The fact that there’s a conflict of interest around student fees is a bit of a red herring. There is clearly a major funding issue in HE, and one that the government appears unwilling to address. The solution to the issue at hand is actually a more fundamental one, with a university system where support for all students is appropriate, testing is diverse and not high stakes, and there is a culture of honesty, forgiveness, and collaboration, not distrust, antagonism and compliance. HE can change, but it needs better resources and more space for pedagogies that encourage, enable, and assess growth, reflection, and making mistakes that we learn from. If we were able to teach and evaluate student development in more holistic ways, the attraction of/need for cheating would be hugely reduced.

Daniel Sokol
7 months ago
Reply to  Richard Budd

It is a minority, but it is important not to underestimate the prevalence of cheating. In July 2022, Alpha Academic Appeals commissioned an independent study of 900 undergraduate students in the UK. Around 16% of students had, by their own admission, cheated in online exams that academic year. Of those, fewer than 5% had been caught (http://www.academicappeals.co.uk/news/05072022201747-press-release-on-prevalence-of-cheating-in-online-assessment–july-2022/). Many of my student clients protest “This is very unfair.

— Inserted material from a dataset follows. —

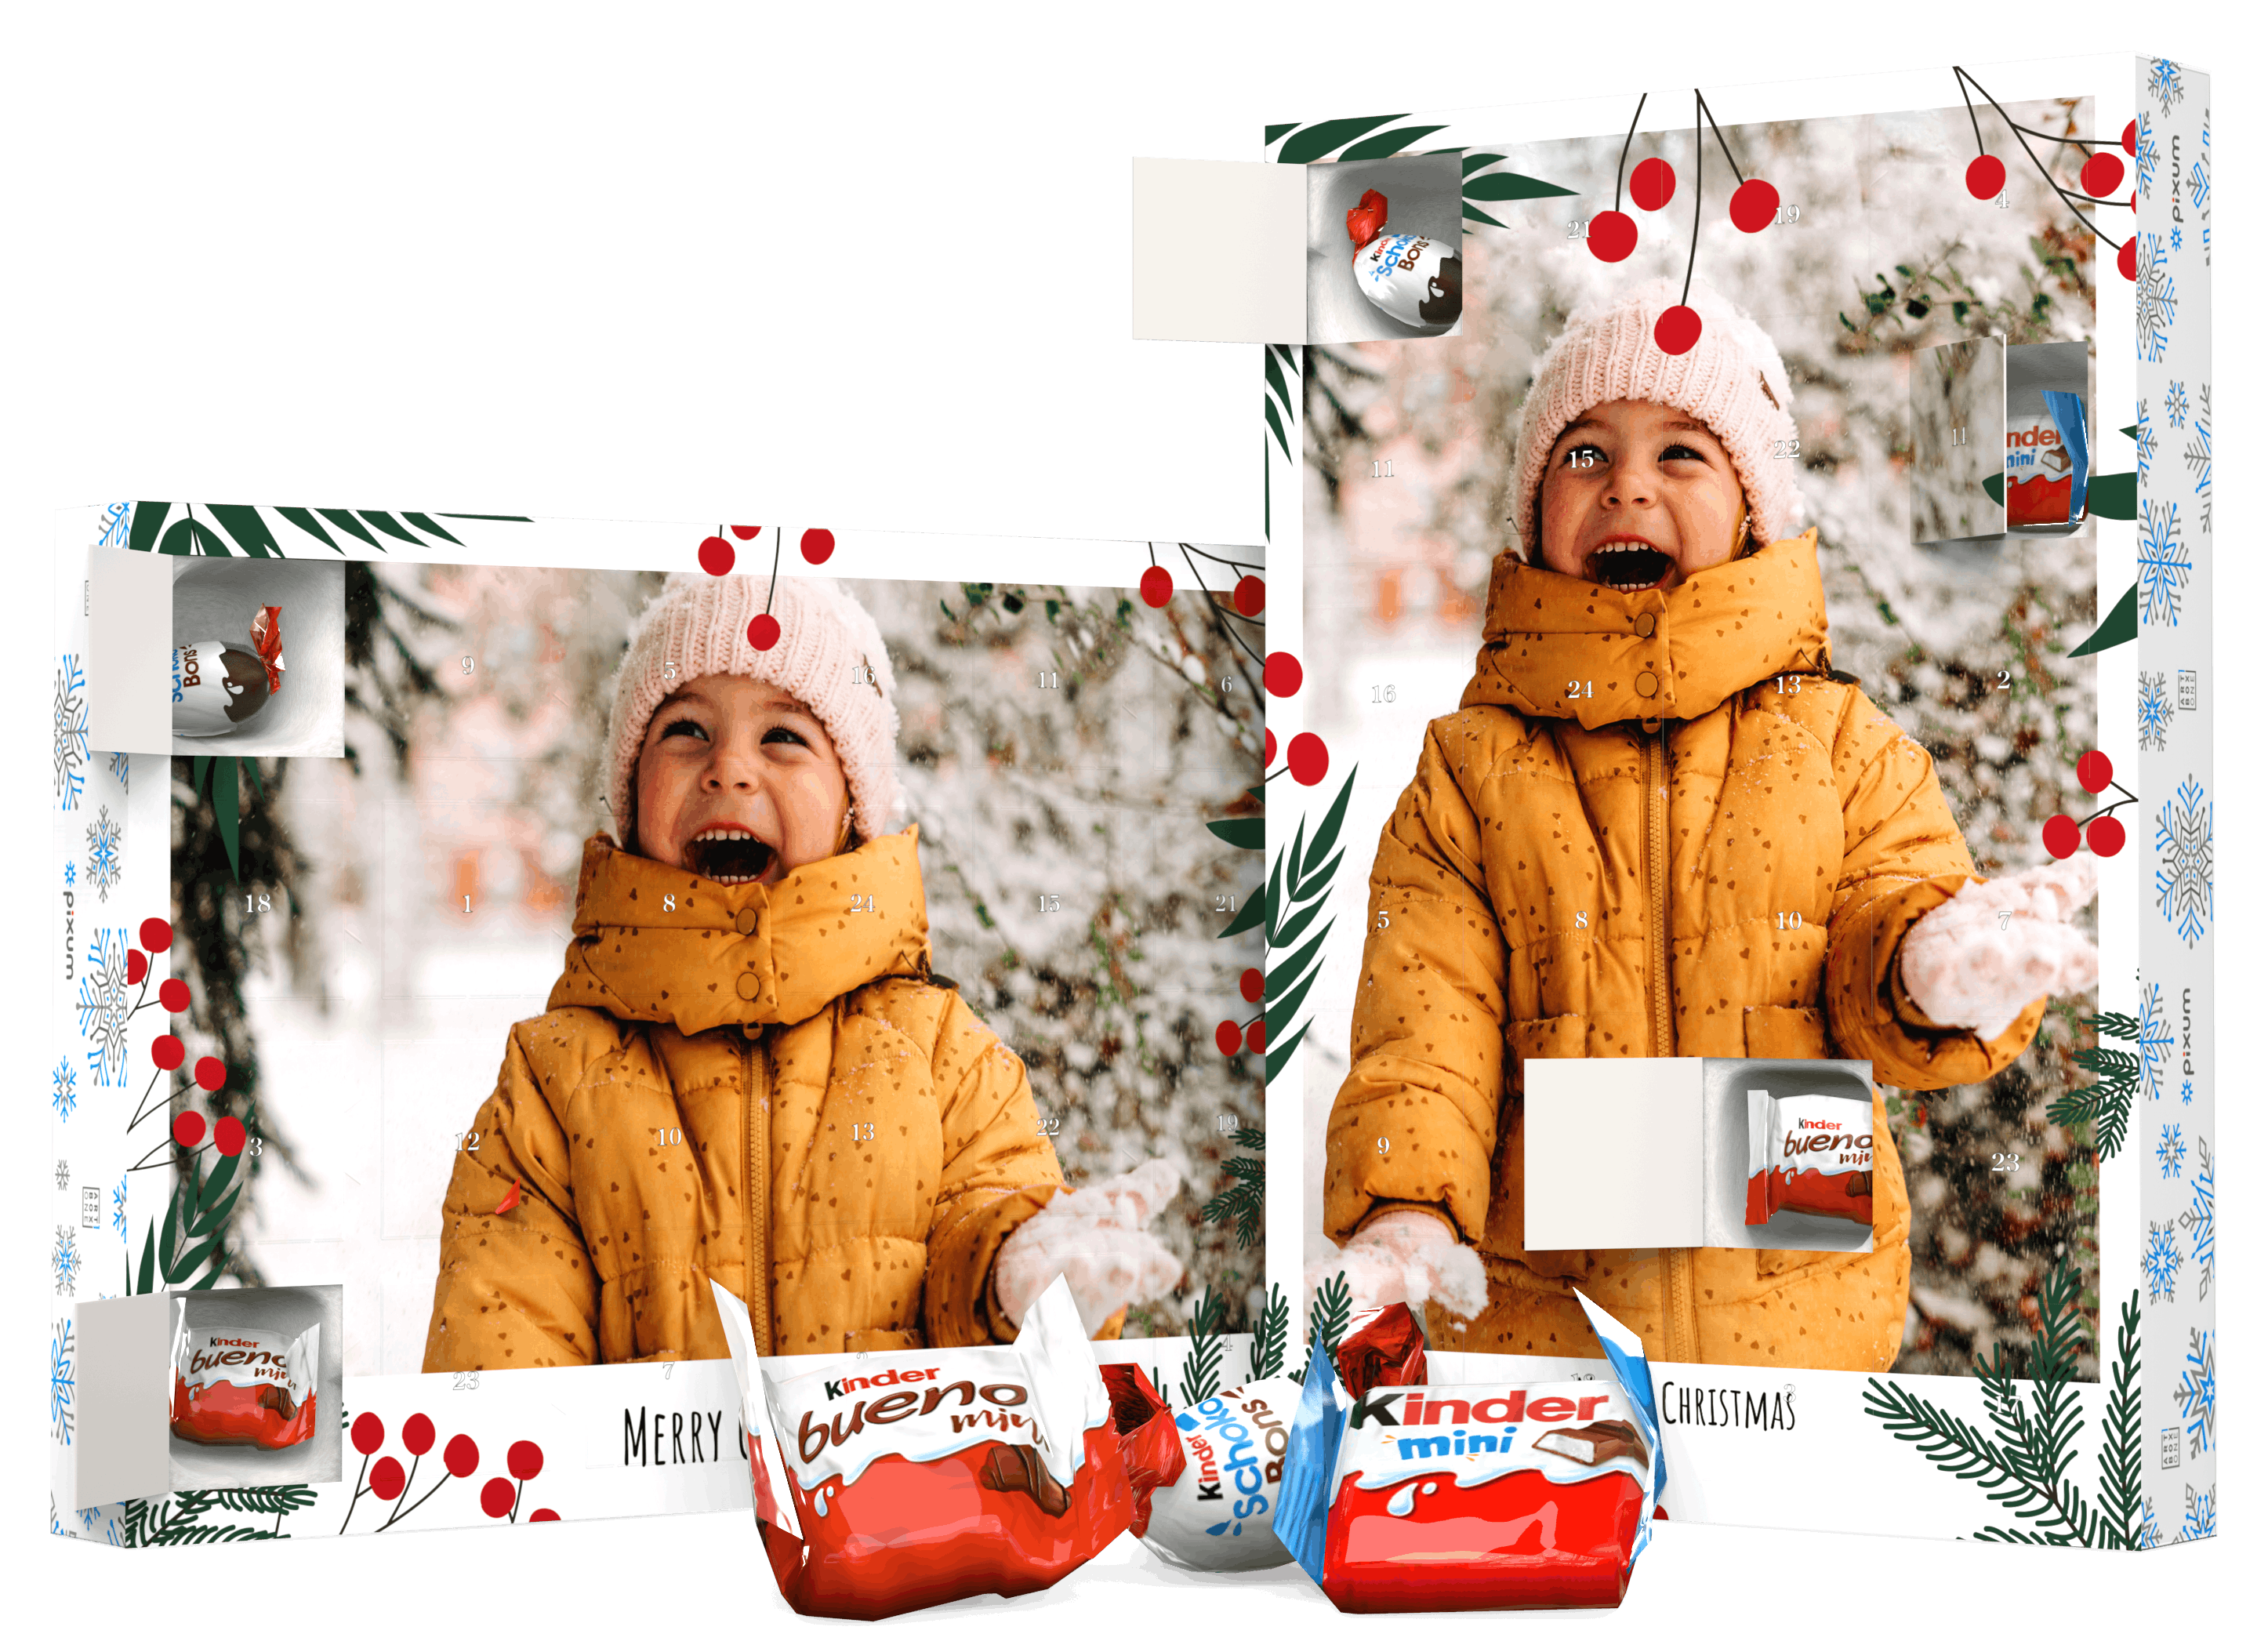 Calendrier de l'Avent kinder personnalisé avec une photo d'une petite fille dans la neige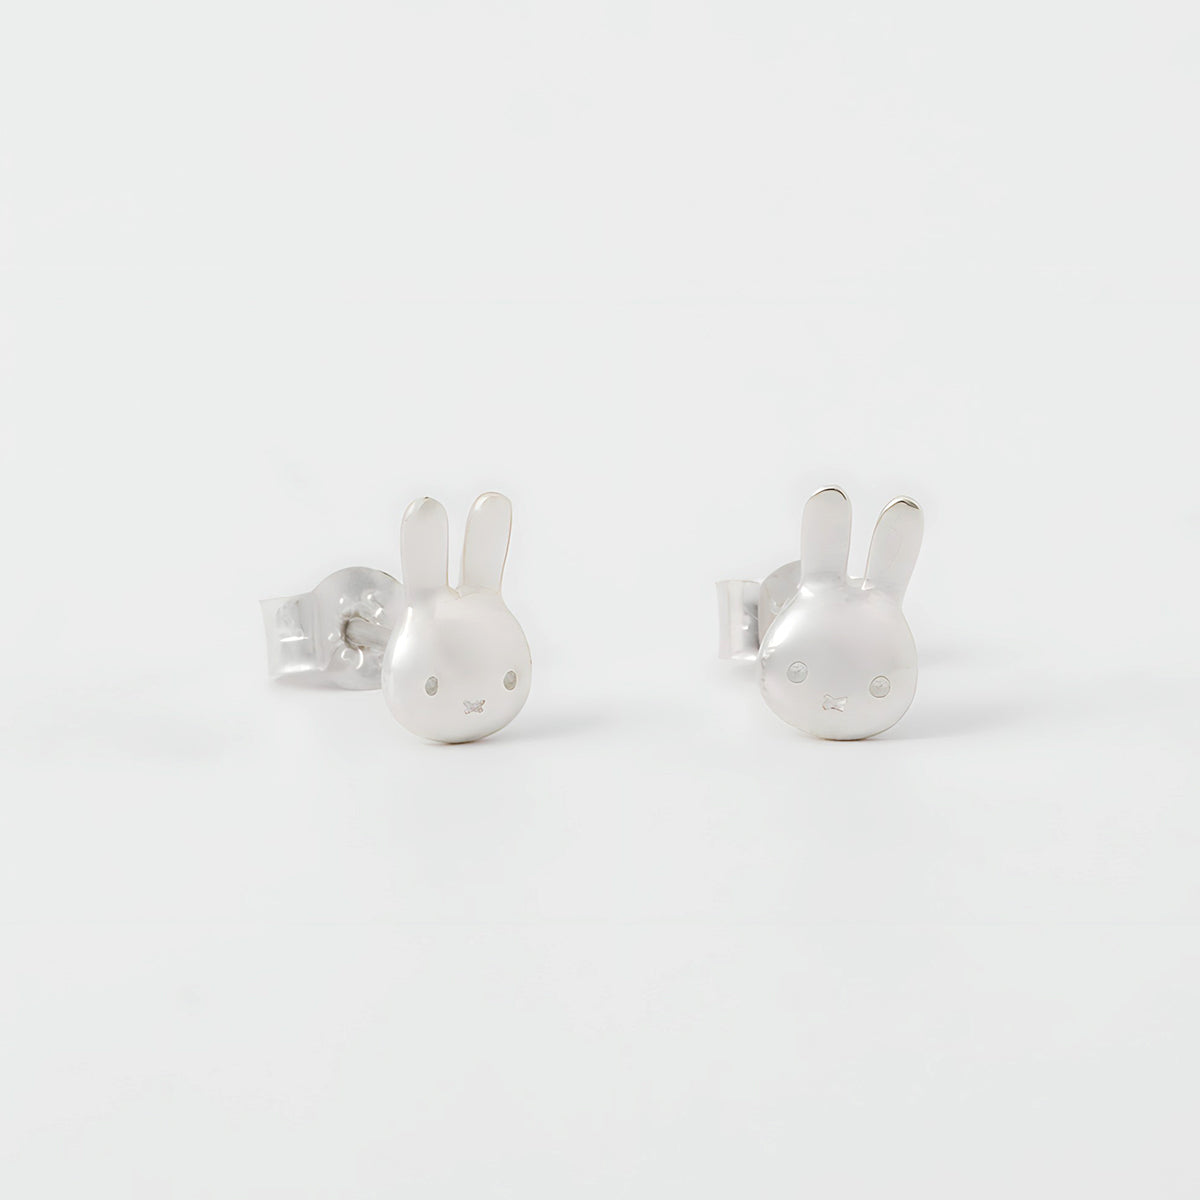 Miffy Rabbit Head Stud Earrings Sterling Silver

All my friends have cheated but I’m the only one who was caught!” Hardly a compelling defence, but it suggests that cheating is not confined to a tiny minority.
Earlier this year, a YouGov survey of more than 1000 home students at UK universities showed that 15% of students engaged in ‘potentially cheating behaviour’ with AI (i.e., creating with AI and submitting part or all of a graded essay, with or without editing) (https://yougov.co.uk/society/articles/52855-how-are-uk-students-really-using-ai). When one adds other forms of cheating, the true scale is likely to be greater.
Cheating may be an unsavoury, even embarrassing, topic for universities but, for those of us who care about fairness and the value of a degree, it should not be dismissed as a fringe issue but confronted head on.

Fred
7 months ago

Very interesting article, thank you…and we haven’t touched the issues highlighted in the recent FT article “The shadow economy behind the international student boom” … shame it’s hidden behind the subscription wall.
https://www.ft.com/content/3f496166-4292-46af-b690-114a4d2b3fd0

The shadow economy behind the international student boom
A lucrative revenue stream for universities has led to an industry of unregulated agents now under scrutiny for making lofty promises

Anon
7 months ago

Thank you for this article. I to have been on the receiving end of parents and grandparents dying, threats of suicide if the assessment offence is ‘confirmed’ and the assessment given a mark of 0, made up crime reference numbers (the criminal lawyer in me spotted that immediately). For those that are enrolled on a law degree (as is my experience) and many having ambitions of practice, those who blatantly try to deceive in this manner leave serious questions in regards to their integrity.